◆ Exercise brief:
Using only the entries below, copy exactly the lines that begin at the one with "Rhino Profile Png Image" and end at the one with "BROMAS TONTERÍAS Y MAS's show", both included. Drop the pictures.

◆ Available records:
+ + + + + + +
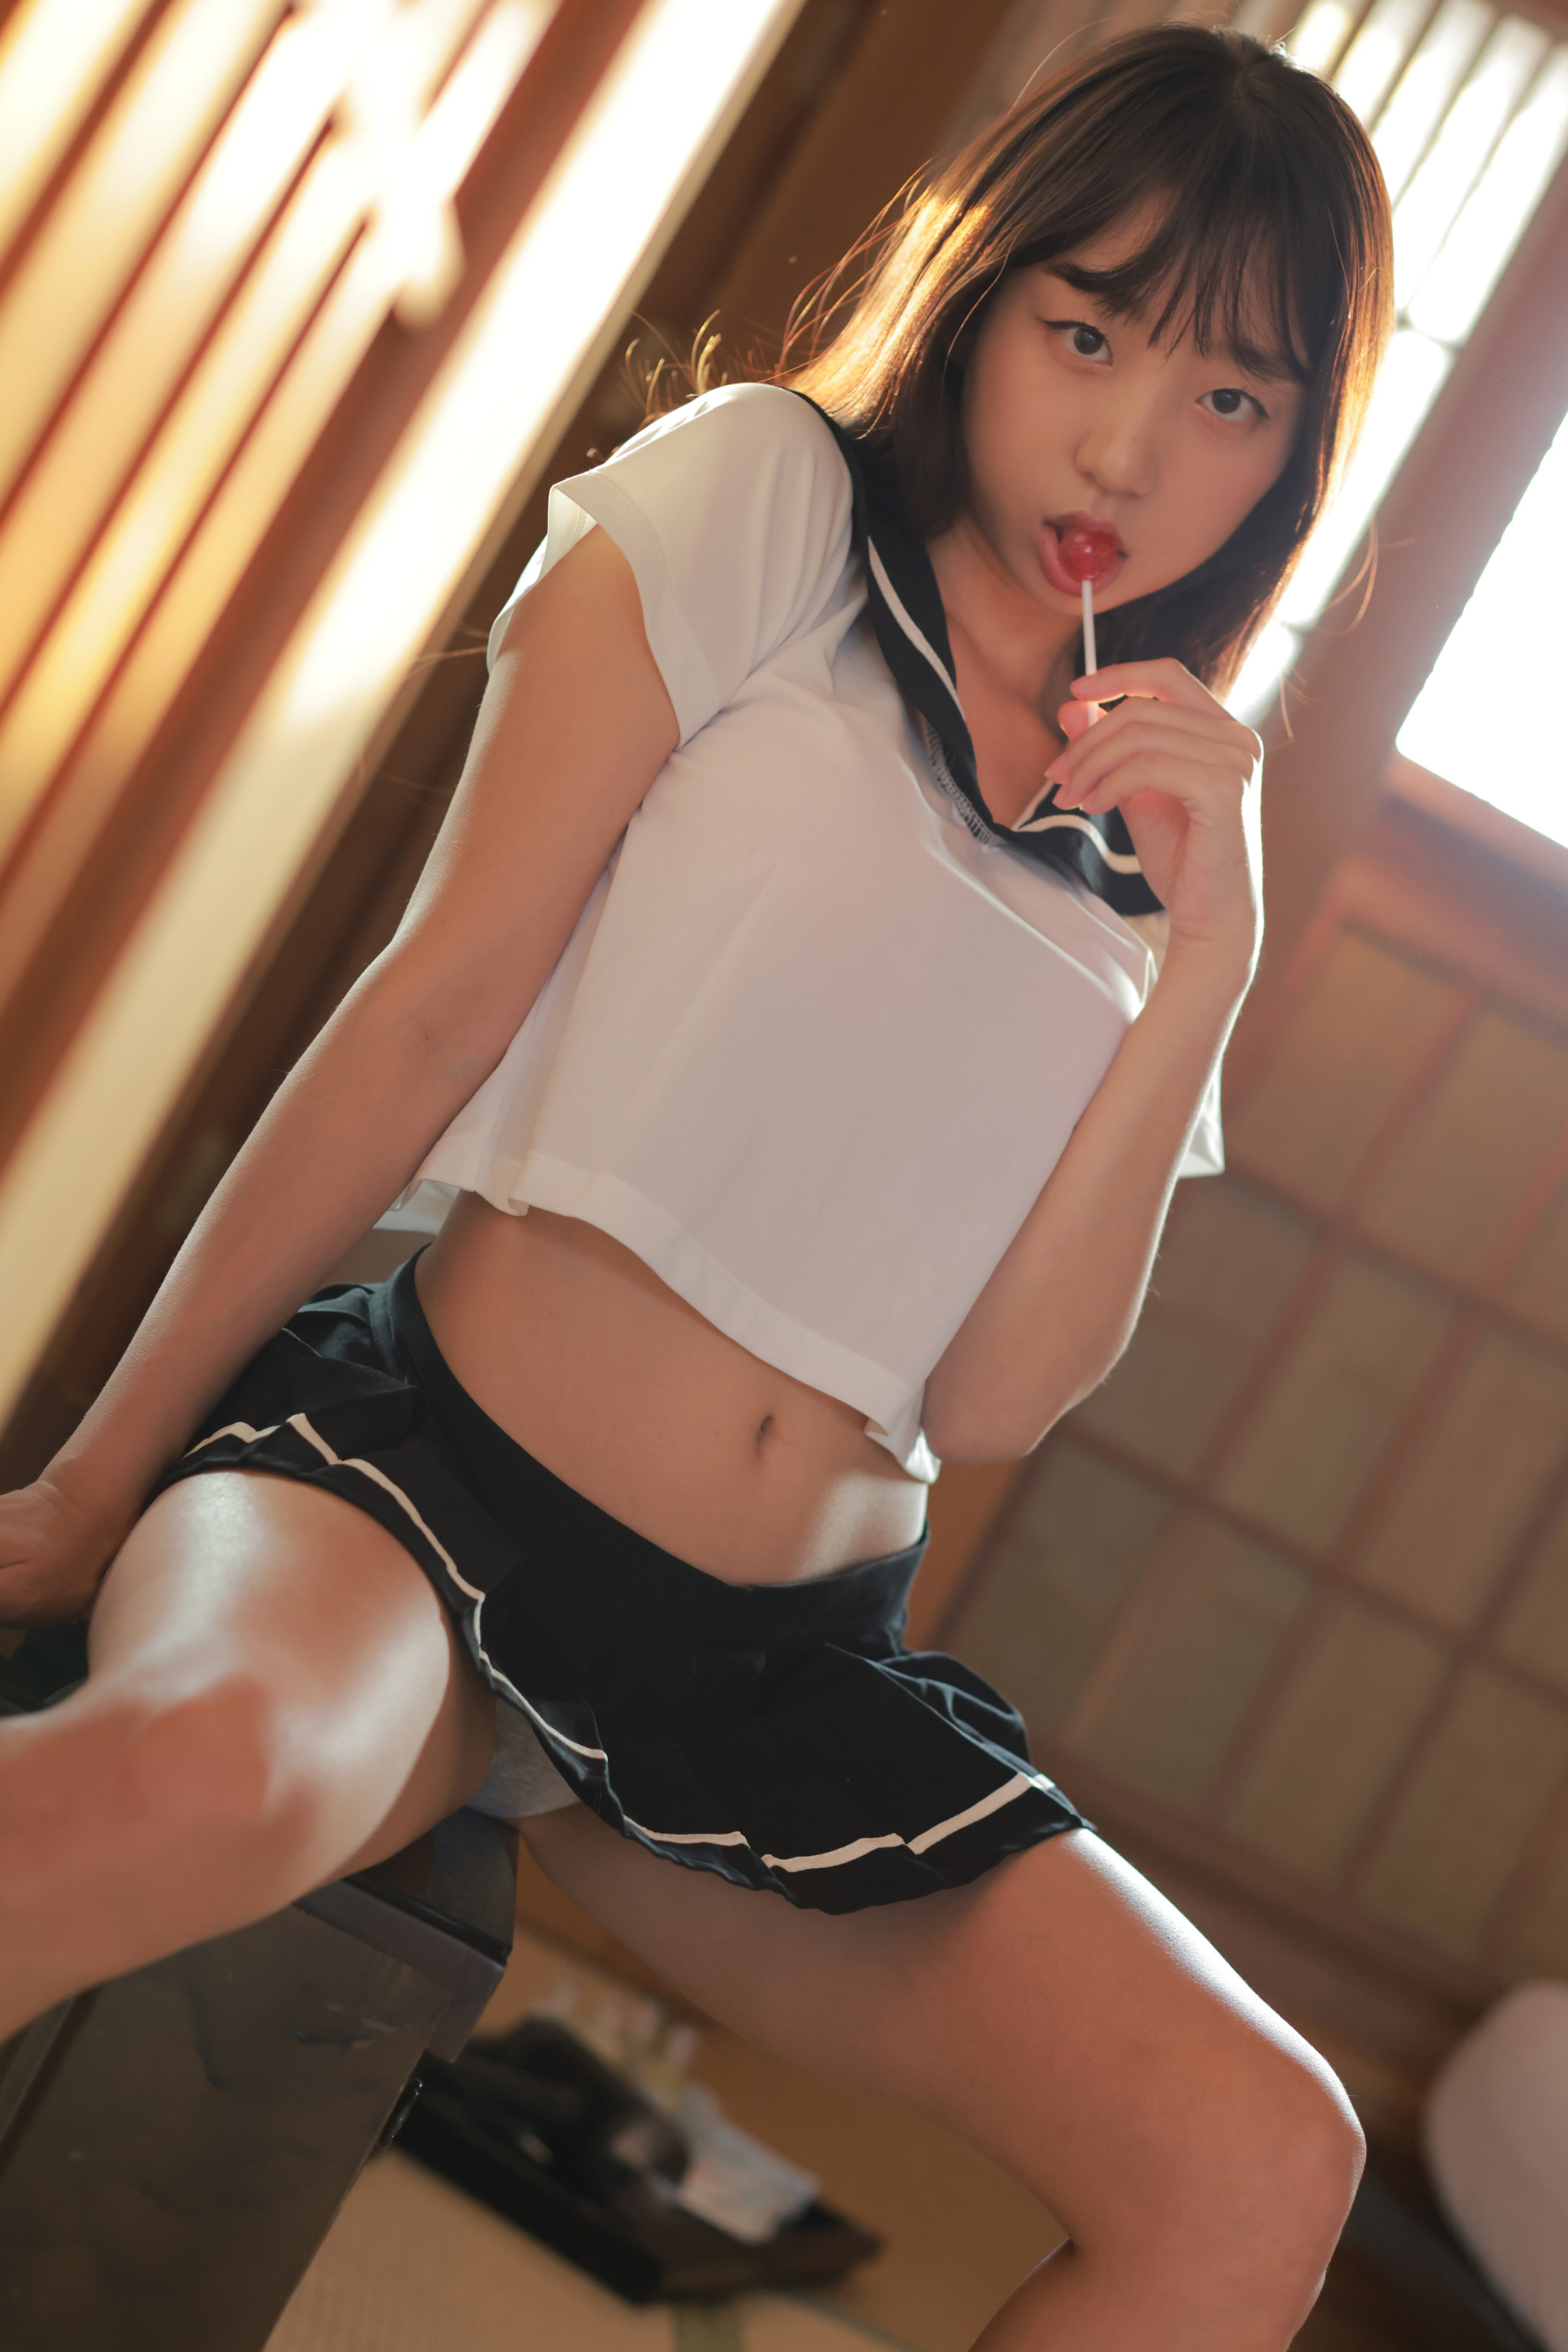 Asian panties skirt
+ + + + + + +
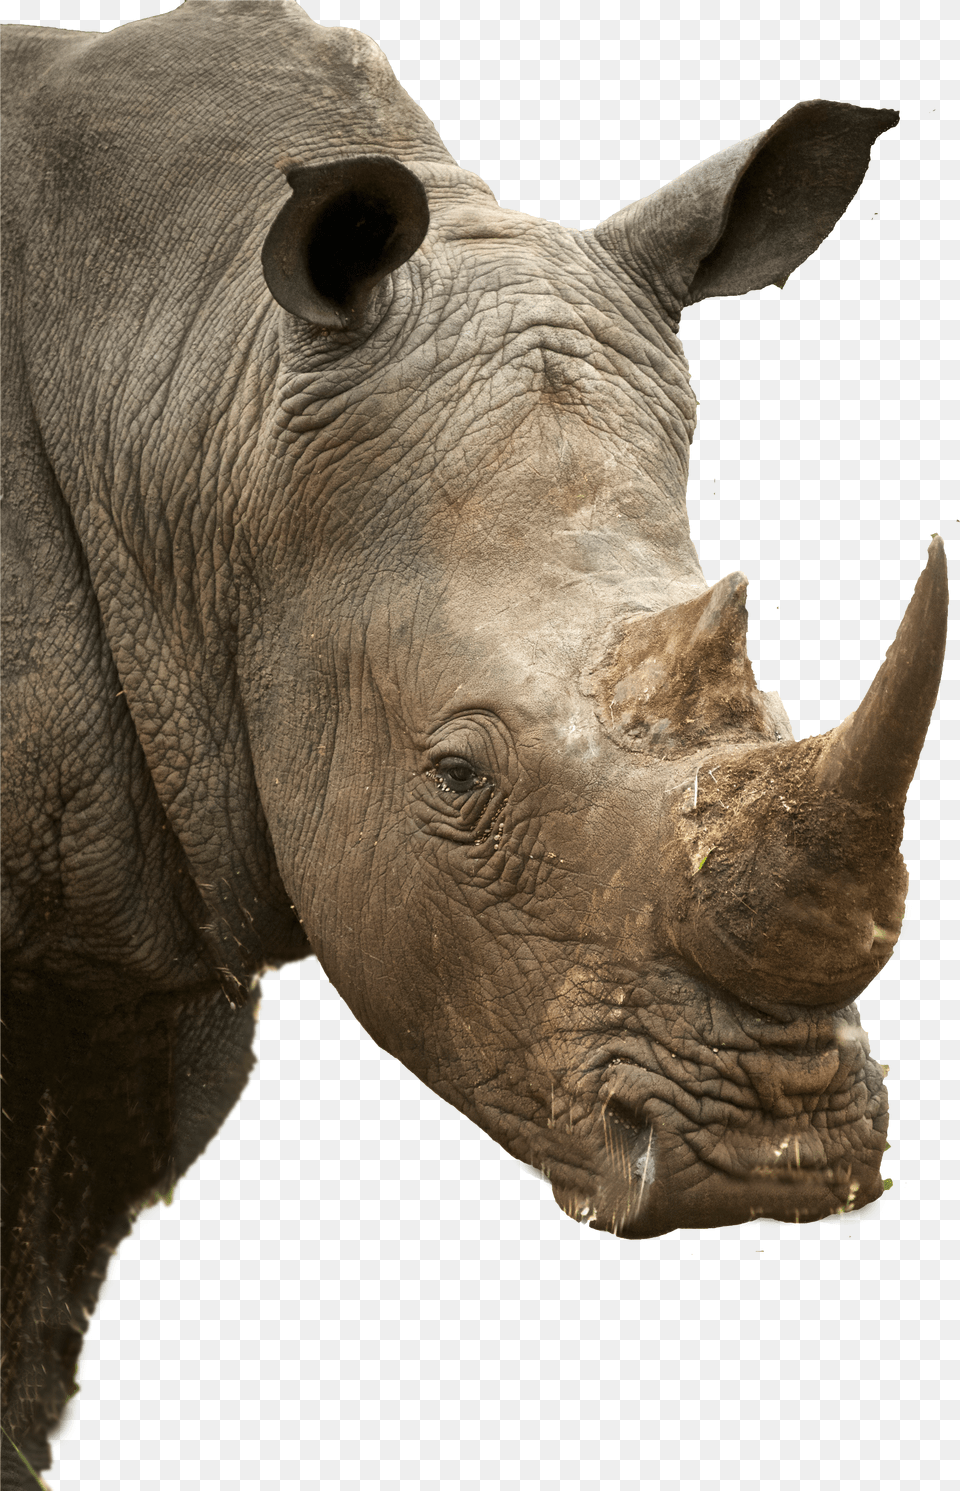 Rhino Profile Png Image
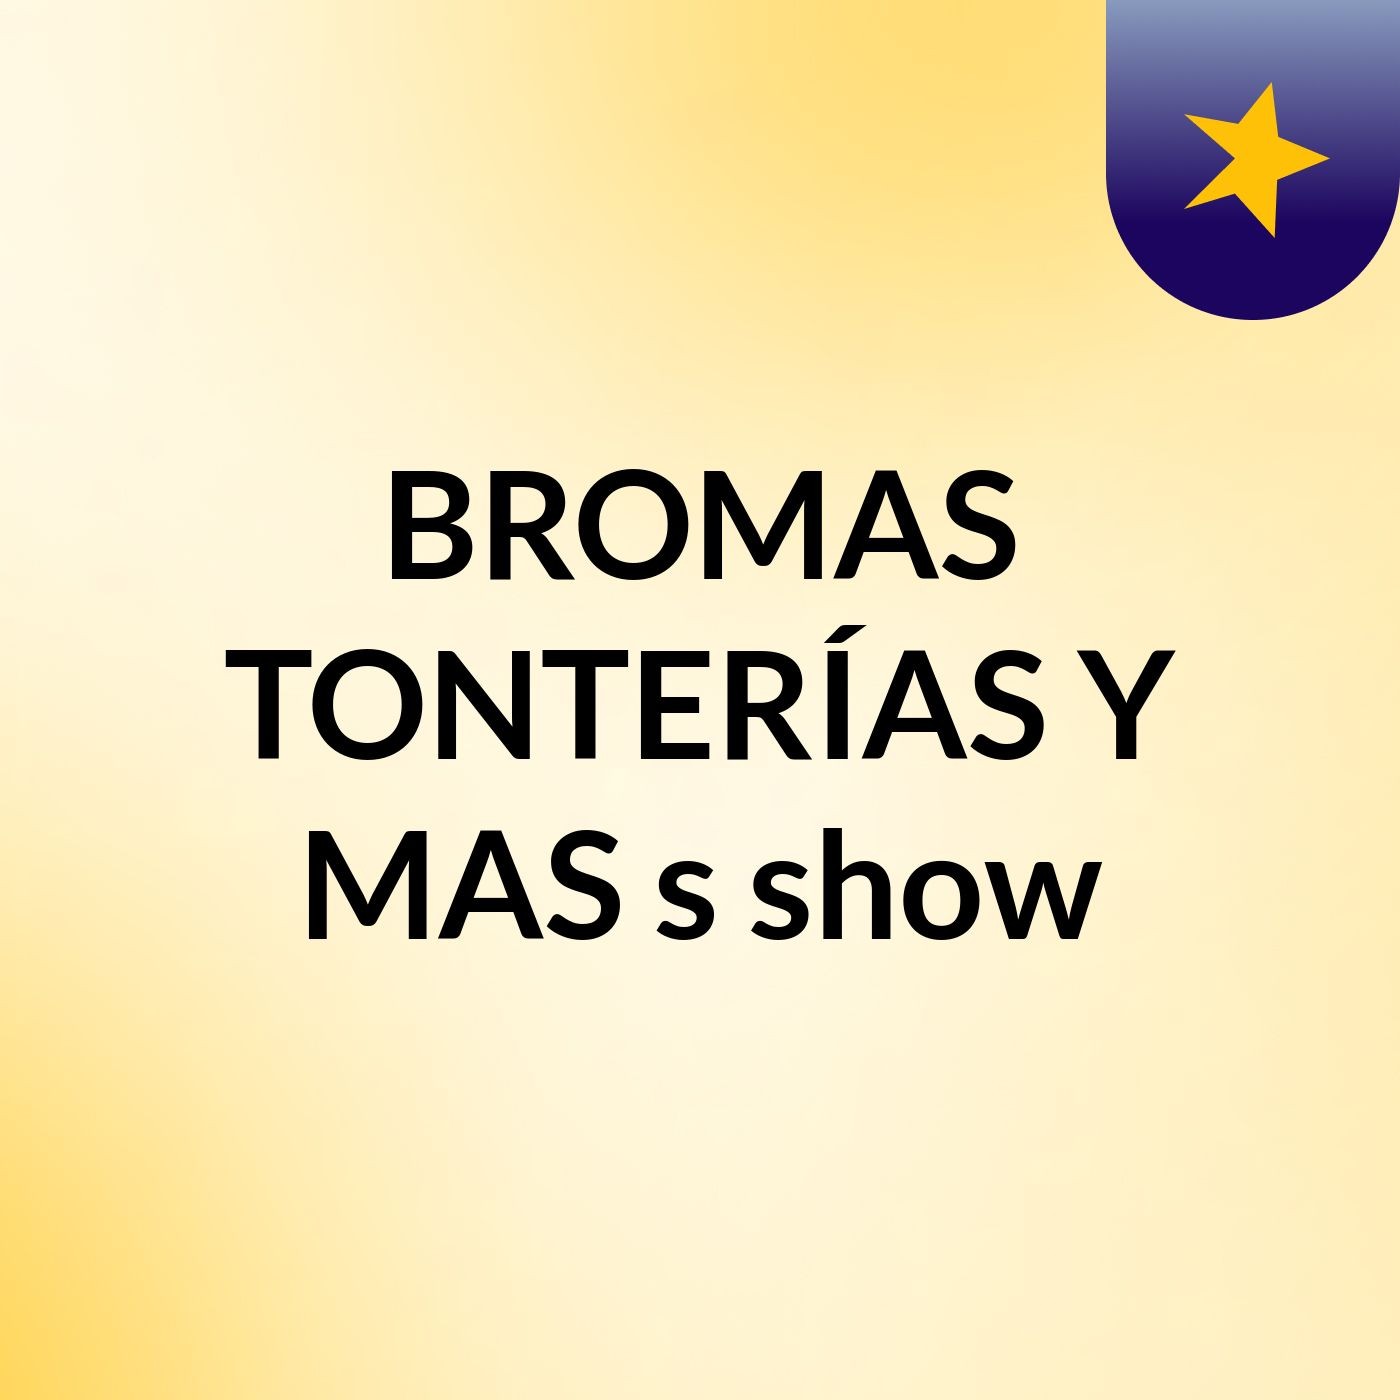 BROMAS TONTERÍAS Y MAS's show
+ + + + + + +
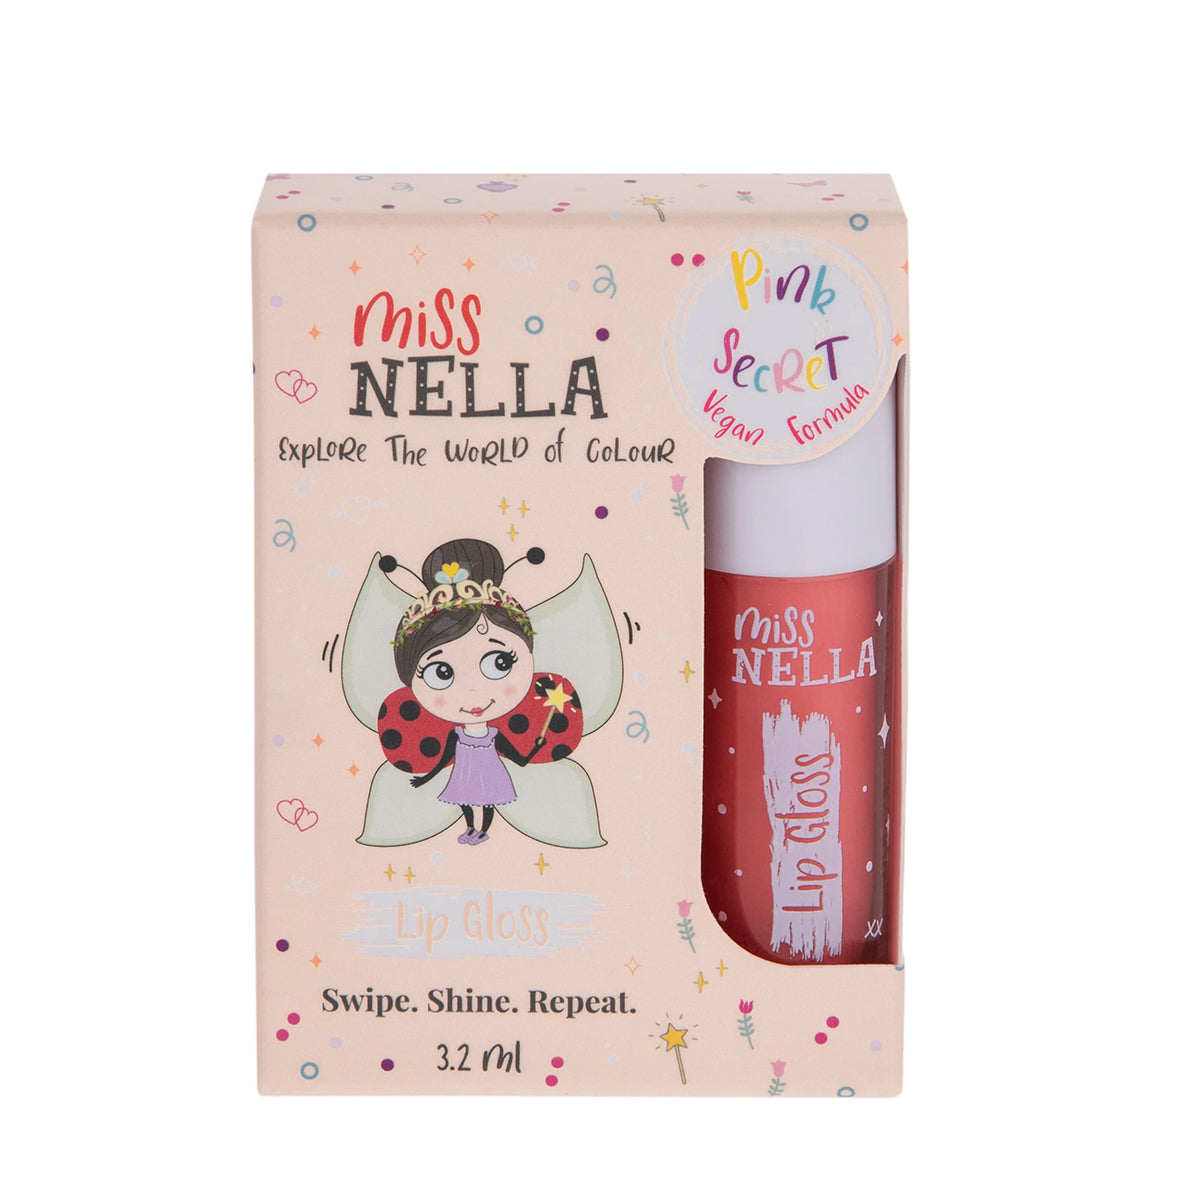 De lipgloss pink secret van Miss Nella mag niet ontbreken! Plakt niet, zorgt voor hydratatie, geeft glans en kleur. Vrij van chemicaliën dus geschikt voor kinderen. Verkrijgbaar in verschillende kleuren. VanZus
+ + + + + + +
◆ The answer:
 Rhino Profile Png Image
 BROMAS TONTERÍAS Y MAS's show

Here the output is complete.